Fahien L A, Hsu S L, Kmiotek E
J Biol Chem. 1977 Feb 25;252(4):1250-6.
In previous studies it was found that: (a) aspartate aminotransferase increases the aspartate dehydrogenase activity of glutamate dehydrogenase; (b) the pyridoxamine-P form of this aminotransferase can form an enzyme-enzyme complex with glutamate dehydrogenase; and (c) the pyridoxamine-P form can be dehydrogenated to the pyridoxal-P form by glutamate dehydrogenase. It was therefore concluded (Fahien, L.A., and Smith, S.E. (1974) J. Biol. Chem 249, 2696-2703) that in the aspartate dehydrogenase reaction, aspartate converts the aminotransferase into the pyridoxamine-P form which is then dehydrogenated by glutamate dehydrogenase. The present results support this mechanism and essentially exclude the possibility that aspartate actually reacts with glutamate dehydrogenase and the aminotransferase is an allosteric activator. Indeed, it was found that aspartate is actually an activator of the reaction between glutamate dehydrogenase and the pyridoxamine-P form of the aminotransferase. Aspartate also markedly activated the alanine dehydrogenase reaction catalyzed by glutamate dehydrogenase plus alanine aminotransferase and the ornithine dehydrogenase reaction catalyzed by ornithine aminotransferase plus glutamate dehydrogenase. In these latter two reactions, there is no significant conversion of aspartate to oxalecetate and other compounds tested (including oxalacetate) would not substitute for aspartate. Thus aspartate is apparently bound to glutamate dehydrogenase and this increases the reactivity of this enzyme with the pyridoxamine-P form of aminotransferases. This could be of physiological importance because aspartate enables the aspartate and ornithine dehydrogenase reactions to be catalyzed almost as rapidly by complexes between glutamate dehydrogenase and the appropriate mitochondrial aminotransferase in the absence of alpha-ketoglutarate as they are in the presence of this substrate. Furthermore, in the presence of aspartate, alpha-ketoglutarate can have little or no affect on these reactions. Consequently, in the mitochondria of some organs these reactions could be catalyzed exclusively by enzyme-enzyme complexes even in the presence of alpha-ketoglutarate. Rat liver glutamate dehydrogenase is essentially as active as thebovine liver enzyme with aminotransferases. Since the rat liver enzyme does not polymerize, this unambiguously demonstrates that monomeric forms of glutamate dehydrogenase can react with aminotransferases.

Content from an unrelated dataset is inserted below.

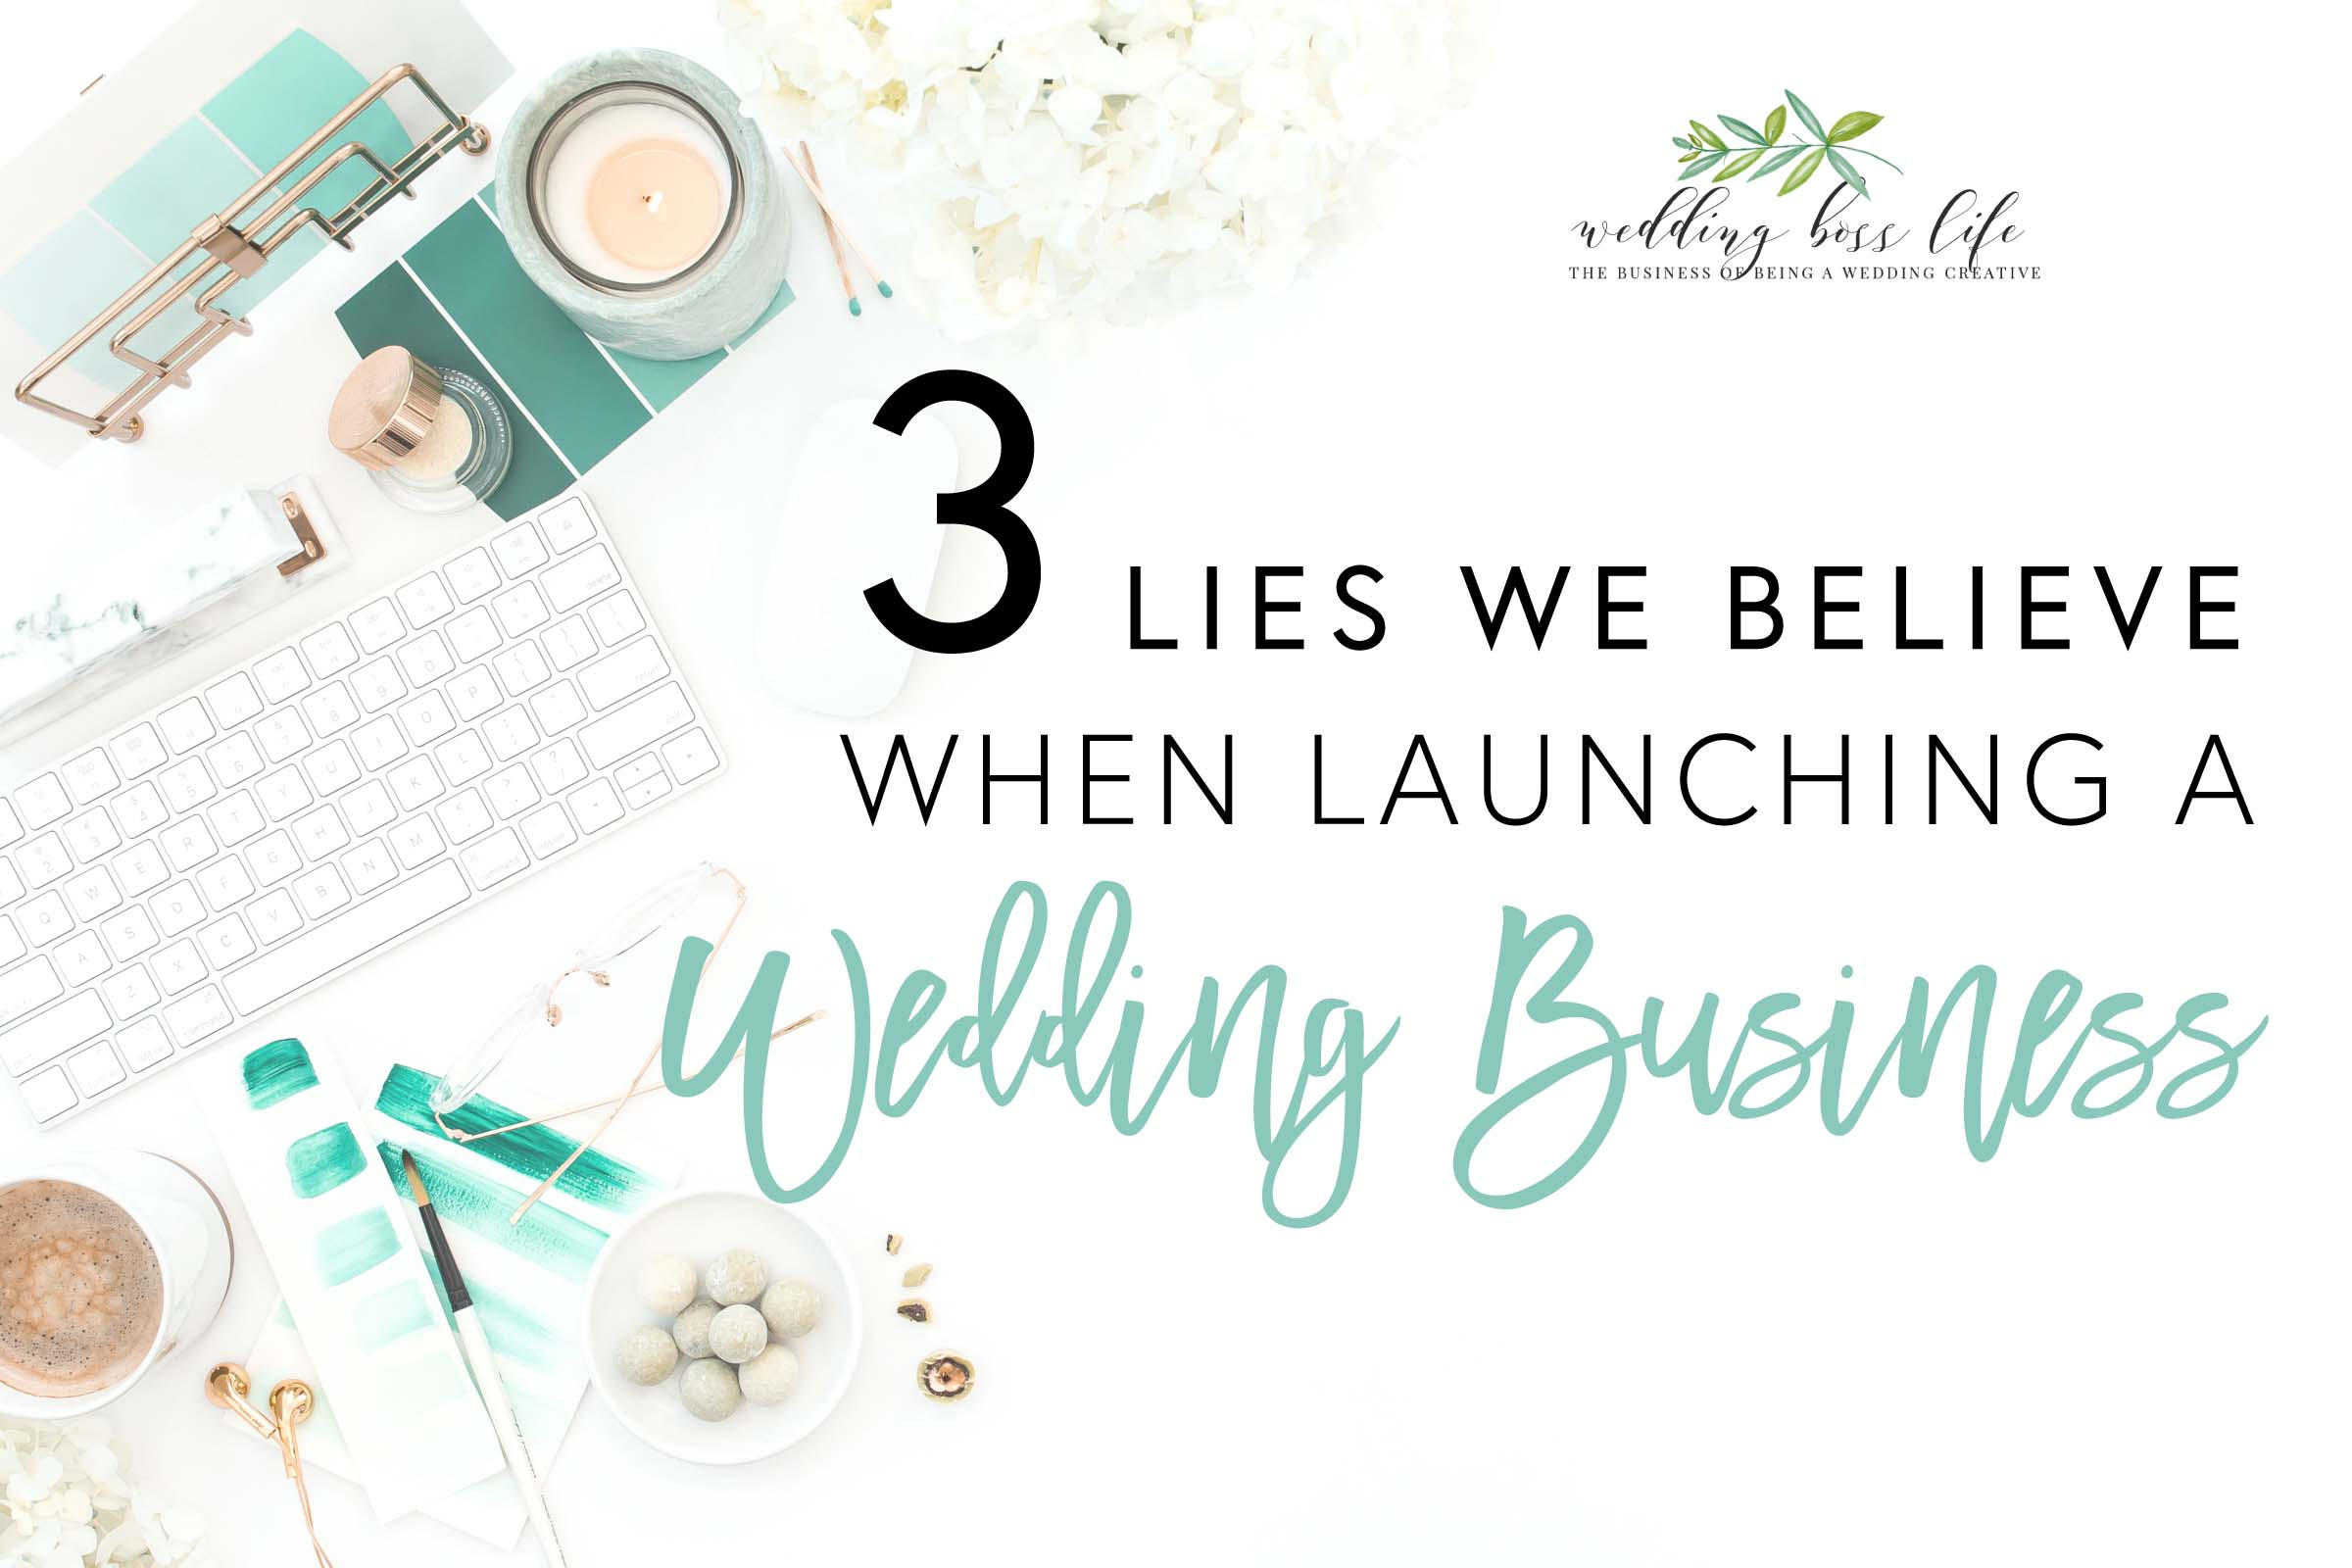 3 Big Fat Lies We Believe in Business
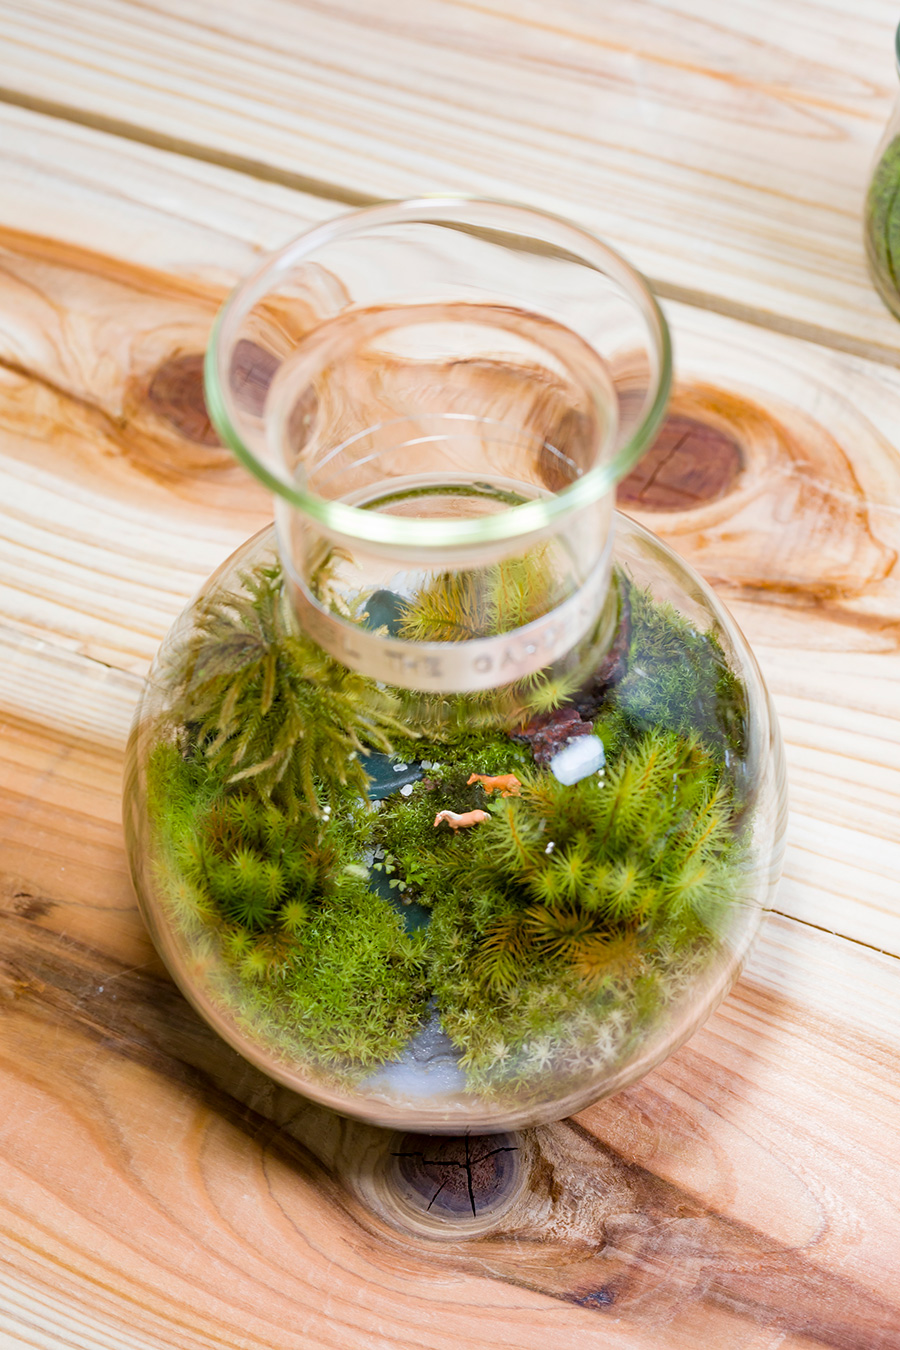 馬が川に水を飲みに来た? そんな苔のテラリウムを机の上に飾ってみたい。

(a)天冬氨酸转氨酶可提高谷氨酸脱氢酶的天冬氨酸脱氢酶活性;(b)该转氨酶的磷酸吡哆胺形式可与谷氨酸脱氢酶形成酶-酶复合物;(c)磷酸吡哆胺形式可被谷氨酸脱氢酶脱氢为磷酸吡哆醛形式。因此得出结论(法欣,L.A.,和史密斯,S.E.(1974年)《生物化学杂志》249,2696 - 2703),在天冬氨酸脱氢酶反应中,天冬氨酸将转氨酶转化为磷酸吡哆胺形式,然后被谷氨酸脱氢酶脱氢。目前的结果支持这一机制,并基本排除了天冬氨酸实际与谷氨酸脱氢酶反应且转氨酶是变构激活剂的可能性。事实上,发现天冬氨酸实际上是谷氨酸脱氢酶与转氨酶的磷酸吡哆胺形式之间反应的激活剂。天冬氨酸还显著激活了由谷氨酸脱氢酶加丙氨酸转氨酶催化的丙氨酸脱氢酶反应以及由鸟氨酸转氨酶加谷氨酸脱氢酶催化的鸟氨酸脱氢酶反应。在这后两个反应中,天冬氨酸没有明显转化为草酰乙酸,并且所测试的其他化合物(包括草酰乙酸)不能替代天冬氨酸。因此,天冬氨酸显然与谷氨酸脱氢酶结合,这增加了该酶与转氨酶的磷酸吡哆胺形式的反应活性。这可能具有生理重要性,因为在没有α-酮戊二酸的情况下,天冬氨酸能使谷氨酸脱氢酶与适当的线粒体转氨酶之间的复合物几乎与在有该底物存在时一样快速地催化天冬氨酸和鸟氨酸脱氢酶反应。此外,在有天冬氨酸存在的情况下,α-酮戊二酸对这些反应几乎没有或没有影响。因此,在某些器官的线粒体中,即使在有α-酮戊二酸存在的情况下,这些反应也可能仅由酶-酶复合物催化。大鼠肝脏谷氨酸脱氢酶与转氨酶反应时的活性基本上与牛肝脏酶相同。由于大鼠肝脏酶不会聚合,这明确表明谷氨酸脱氢酶的单体形式可以与转氨酶反应。